La polysémie du prénom Vesper, signifiant à la fois le coucher du soleil et l’irruption de Vénus quand elle resplendit dans l’obscurité naissante, contient en elle seule les forces contraires qui animent Casino Royale. Il y a le versant nocturne, explicité par l’ouverture en noir et blanc, la brutalité des combats, les sévices infligés aux corps ; il y a le versant diurne, amour que l’on croit sincère entre un agent double et une employée du Trésor dont la beauté foudroie les joueurs de poker.
Martin Campbell parvient à entremêler ces deux fils narratifs, disposant chacun d’une tonalité particulière, d’abord de façon grossière – la succession initiale de courses-poursuites, si la technique impressionne, demeure factice – puis avec succès. En résulte un bonheur que l’on sent fragile et menacé par un passé qui hante l’ombre des personnages, en résulte une violence qui gagne en puissance tragique à mesure que l’on retrouve Vesper ligotée sur une route de campagne ou enfermée dans une cage d’ascenseur. Dit autrement, le long métrage convertit l’alchimie apparente des amants en une atmosphère de plus en plus toxique : les cartes postales envoyées de Venise ou de Miami ne sont que la face cachée d’une réalité amère, tel le cocktail concocté par Bond ; le poids du silence et des non-dits se ressent davantage à chaque baiser, au premier « je t’aime ».

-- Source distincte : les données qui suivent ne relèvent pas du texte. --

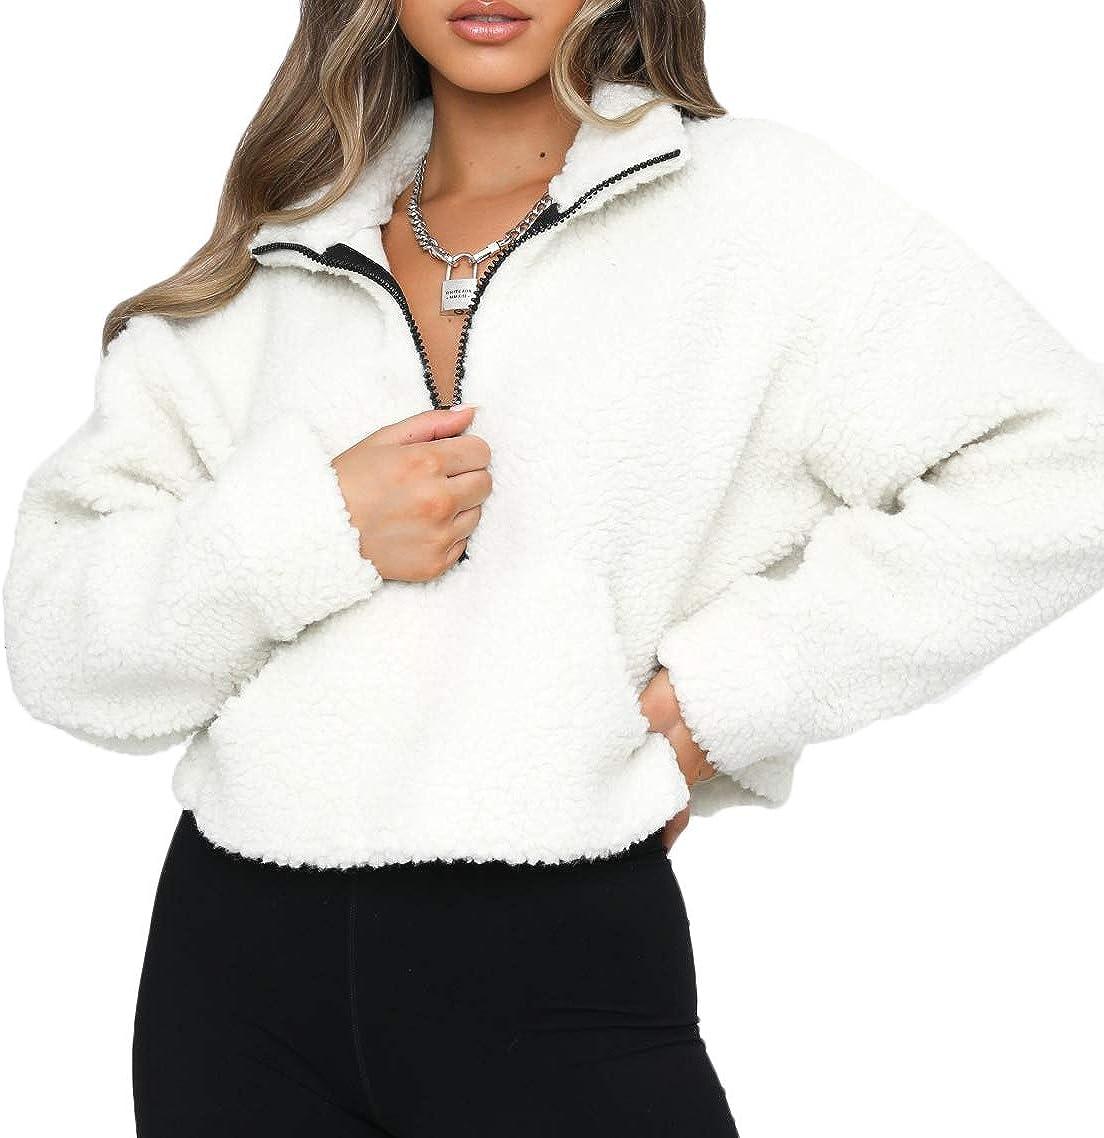 Women's Plush Hoodies Long Sleeve Jacke Super intense SALE Sweatshirt Up Japan's largest assortment Fleece Zip

La thématique centrale du jeu déplace également l’innocence apparente d’un divertissement vers l’âpreté d’un monde adulte paranoïaque et surveillé – caméras de surveillance, téléphones portables, puces, GPS – au sein duquel les grands méchants ont eux aussi des comptes à régler et se font passer à tabac. Casino Royale exprime donc l’impossibilité d’un agent double à « prendre le large », c’est-à-dire à renaître lavé du sang qui le couvre et de la duplicité qui le définit ; il demeure, comme Vesper, un orphelin auquel s’ajoute le numéro de série, matricule 007, comme le prénom de l’être aimé se dégrade en mot de passe pour déverrouiller un vulgaire transfert d’argent.
L’échec de James Bond personnage à repartir de zéro permet, de façon quasi paradoxale, à sa saga de renaître de ses cendres. Une réussite.